Problem to solve:
For the material below, return exactly the lines starting at the one holding "菓子処 喜久春 傘寿のお祝に和菓子ケーキをご注文いただきました" and ending at the one holding "manners แปลว่า?, คำศัพท์ภาษาอังกฤษ", counting both as part of the range.

Records for processing:
□ □ □ □ □ □ □

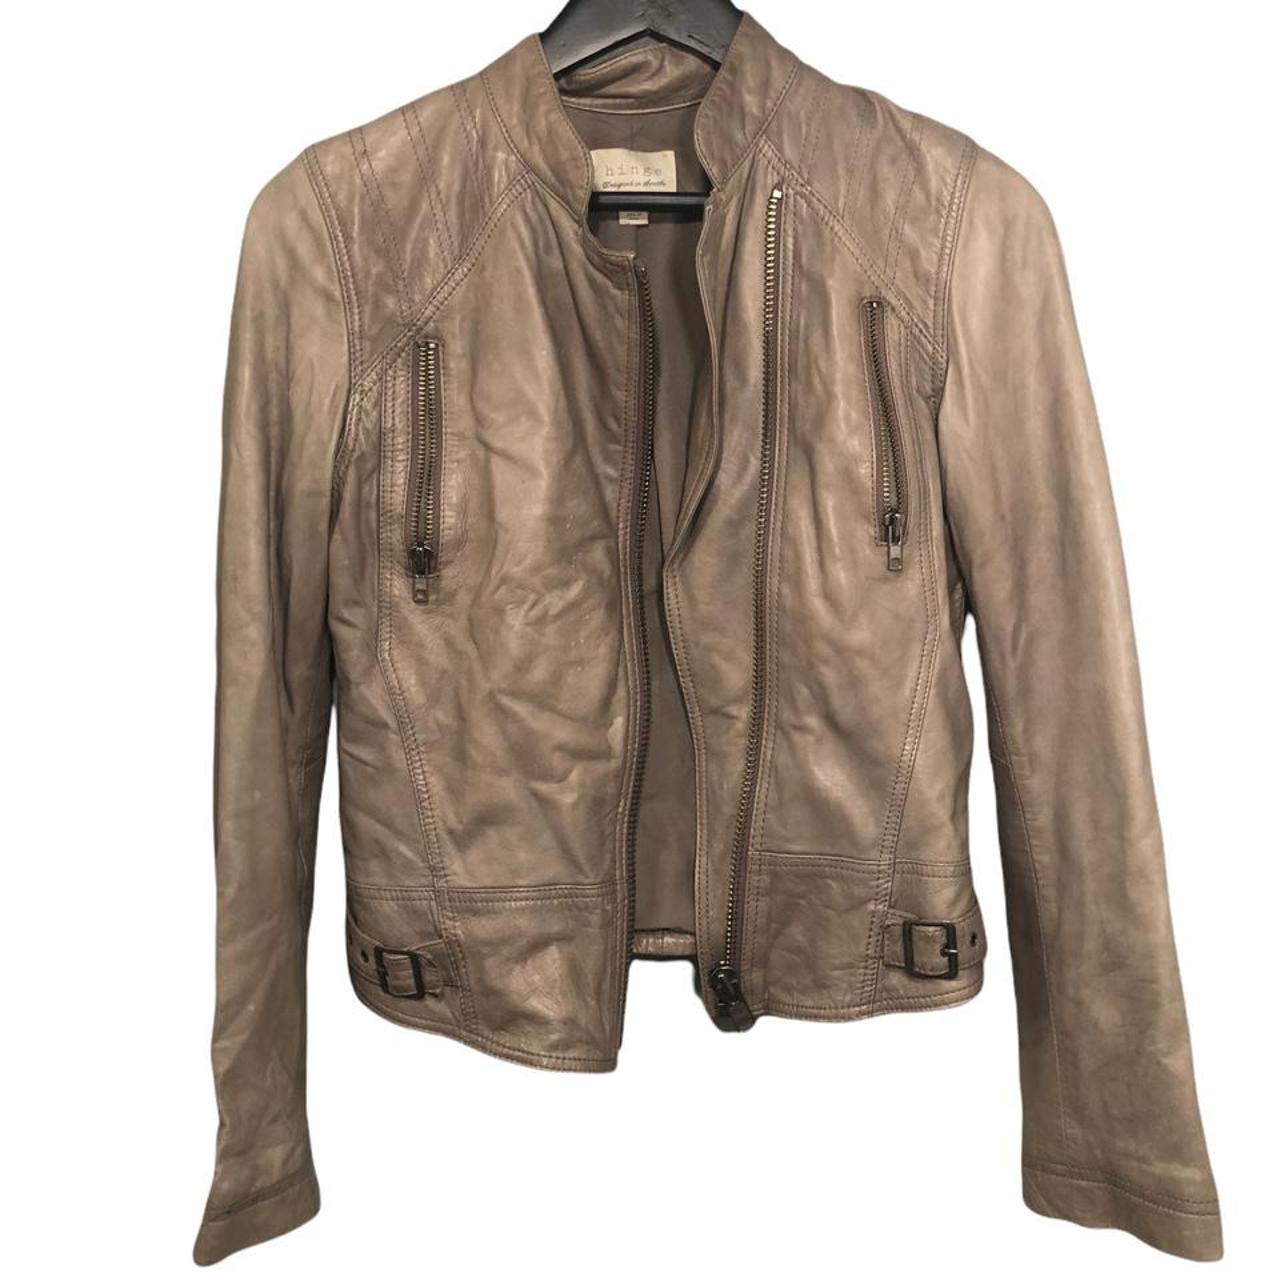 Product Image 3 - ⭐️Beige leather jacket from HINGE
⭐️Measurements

□ □ □ □ □ □ □

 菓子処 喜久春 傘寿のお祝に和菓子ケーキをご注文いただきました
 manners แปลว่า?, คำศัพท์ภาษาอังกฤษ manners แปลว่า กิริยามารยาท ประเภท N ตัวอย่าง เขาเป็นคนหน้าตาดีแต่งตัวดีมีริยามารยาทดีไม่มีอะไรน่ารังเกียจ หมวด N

□ □ □ □ □ □ □

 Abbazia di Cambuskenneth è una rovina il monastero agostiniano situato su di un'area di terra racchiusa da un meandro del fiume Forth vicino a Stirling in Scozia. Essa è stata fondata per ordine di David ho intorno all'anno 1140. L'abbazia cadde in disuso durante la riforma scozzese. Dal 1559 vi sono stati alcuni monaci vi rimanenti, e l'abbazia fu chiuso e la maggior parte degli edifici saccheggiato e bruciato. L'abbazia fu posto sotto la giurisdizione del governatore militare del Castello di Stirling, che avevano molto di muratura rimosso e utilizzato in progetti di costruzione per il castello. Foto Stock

□ □ □ □ □ □ □

Answer:
 菓子処 喜久春 傘寿のお祝に和菓子ケーキをご注文いただきました
 manners แปลว่า?, คำศัพท์ภาษาอังกฤษ manners แปลว่า กิริยามารยาท ประเภท N ตัวอย่าง เขาเป็นคนหน้าตาดีแต่งตัวดีมีริยามารยาทดีไม่มีอะไรน่ารังเกียจ หมวด N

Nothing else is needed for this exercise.